Human Leukocyte Antigen (HLA) typing maps specific proteins on the surface of cells, which the immune system uses to distinguish between self and non-self. These markers regulate the immune response by presenting small peptide fragments to T-cells. HLA typing is a powerful diagnostic tool with significant medical implications for transplantation, disease susceptibility, and drug safety.
Understanding the HLA Complex
The genes responsible for the HLA system are located within the major histocompatibility complex (MHC) on human Chromosome 6. This region is the most highly variable, or polymorphic, in the human genome, allowing the immune system to respond to a vast array of pathogens. HLA genes are separated into two main groups, Class I and Class II.

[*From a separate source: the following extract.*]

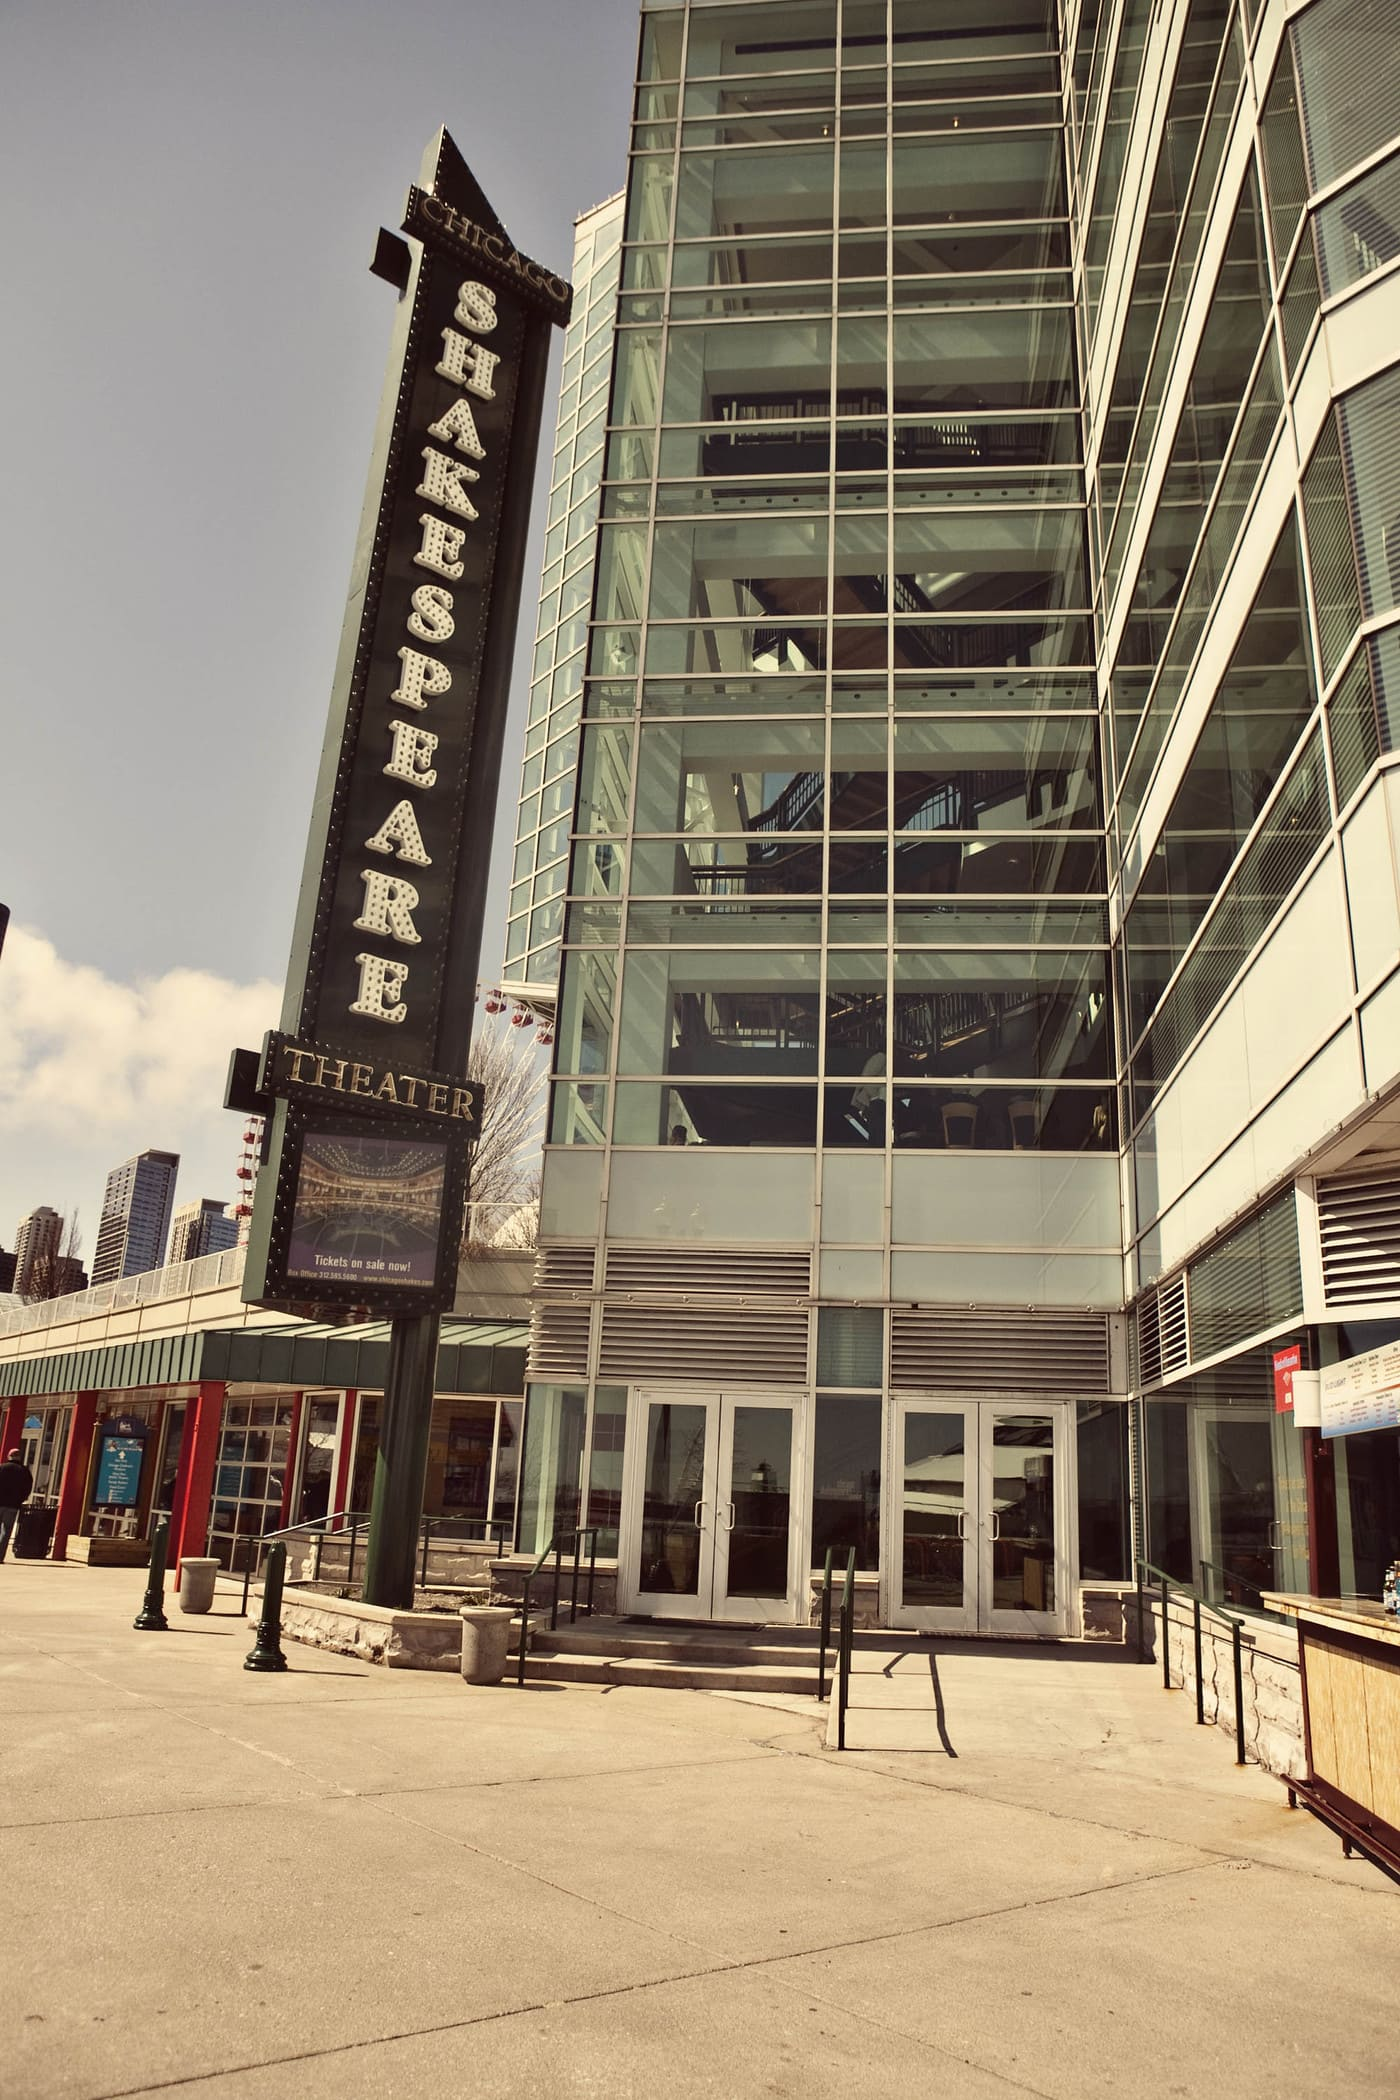 Chiago Shakespeare Theatre at Navy Pier
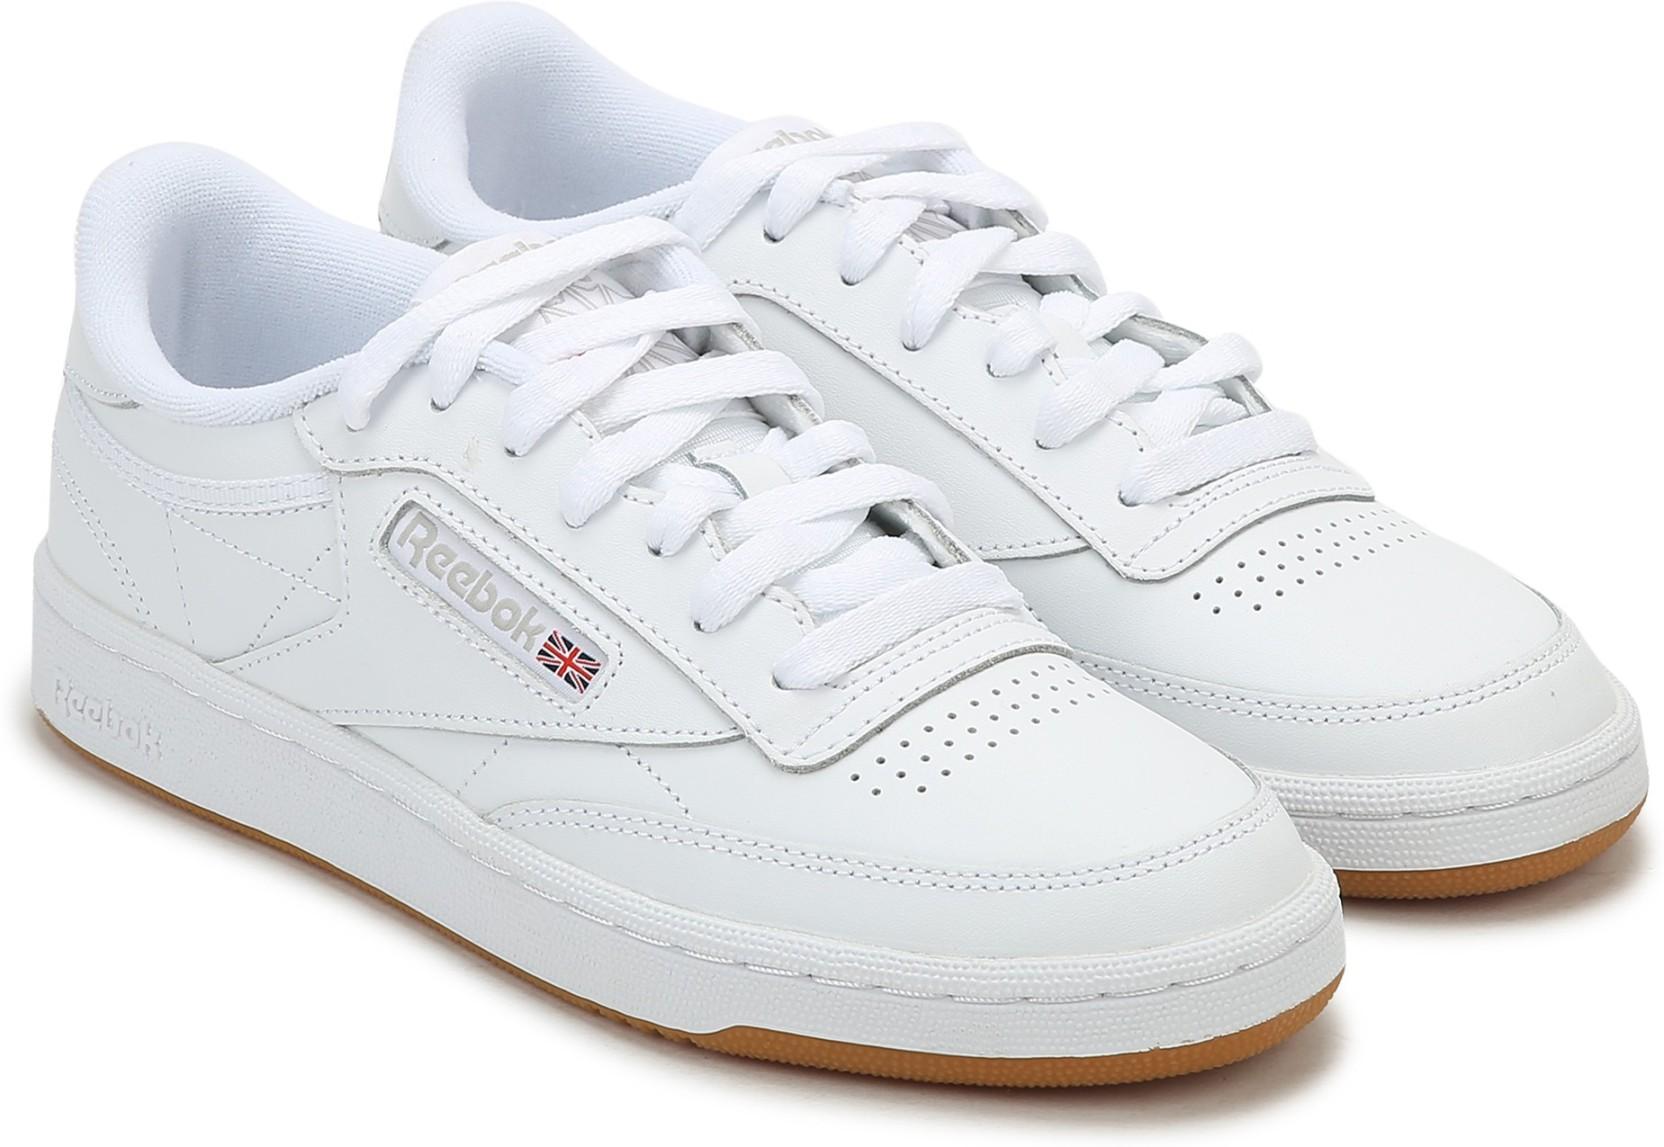 c0bca44b58c9 REEBOK CLASSICS CLUB C 85 Sneakers For Women - Buy WHITE LIGHT GREY ...

Class I molecules (encoded by HLA-A, -B, and -C) are found on almost all nucleated cells and present peptides derived from inside the cell to CD8+ T-cells. Class II molecules (encoded by HLA-DR, -DQ, and -DP) are primarily limited to specialized antigen-presenting cells. They present peptides derived from outside the cell, such as those from bacteria, to CD4+ helper T-cells.
Deciphering the Typing Nomenclature
HLA typing results use a standard international nomenclature system to describe the specific HLA gene version, or allele. For example, an allele might be designated as HLA-A\02:01:01:01. “HLA-A” identifies the gene locus, and the asterisk indicates molecular typing was used. The numbers following the asterisk are separated by colons into fields, providing increasing detail about the allele.
Field Interpretation
The first field (e.g., “02”) represents the allele group, often corresponding to the broad serological antigen type. Results reaching only this level are low-resolution (antigen-level), grouping alleles that produce similar surface proteins. The second field (e.g., “01”) defines a specific HLA allele by identifying non-synonymous DNA sequence changes that alter the protein’s amino acid sequence.
Typing that includes the first and second fields is high-resolution (allele-level) and is the standard for matching in many transplant settings. The third and fourth fields specify minor changes, such as synonymous mutations or changes in non-coding regions, and are less frequently reported clinically.
Interpreting Results for Transplant Compatibility
HLA typing is central to assessing compatibility between a recipient and donor, as a mismatch can lead to graft rejection. The immune system recognizes foreign HLA proteins as non-self, triggering an immune response.
Solid Organ Transplants
For solid organ transplants (e.g., kidney), six primary loci are typically considered: two each for HLA-A, HLA-B, and HLA-DR. A “perfect match” is a 6-of-6 match, meaning all six antigens are identical. While a better match generally correlates with improved long-term outcomes, successful transplants are routinely performed even without a perfect match. Rejection risk is also assessed by cross-matching, which tests the recipient’s serum for pre-existing antibodies against the donor’s HLA proteins (formed from prior pregnancies, transfusions, or transplants).
Stem Cell Transplants
Matching requirements are significantly more stringent for blood stem cell or bone marrow transplants due to the heightened risk of graft-versus-host disease (GVHD). GVHD occurs when the donor’s immune cells attack the recipient’s body. High-resolution typing is necessary, and matching is often performed at ten or more alleles across the HLA-A, -B, -C, -DRB1, and -DQB1 loci. A 10-of-10 match is the ideal goal, as a higher degree of mismatch directly increases the likelihood and severity of GVHD and graft failure.
Interpreting Results for Disease and Drug Sensitivity
Beyond transplantation, HLA typing provides insight into disease susceptibility and potential adverse drug reactions. Specific HLA alleles are statistically associated with an increased risk for various autoimmune conditions. For example, the presence of HLA-B27 is a major genetic factor linked to the inflammatory arthritis Ankylosing Spondylitis.
This association indicates an elevated risk, not a guarantee of disease, as the mechanism involves complex interactions with other genes and environmental factors. Testing serves as a diagnostic aid rather than a definitive diagnosis, as many people with HLA-B27 never develop the condition.
HLA typing also plays a role in pharmacogenomics, studying how genetic variation affects drug response. A notable example is the HLA-B\57:01 allele, which is strongly linked to a severe hypersensitivity reaction to the HIV drug abacavir. Screening for this allele before prescribing the medication is standard practice to prevent adverse events. Similar associations exist, such as HLA-B\15:02 and the risk of severe skin reactions to the anti-epileptic drug carbamazepine.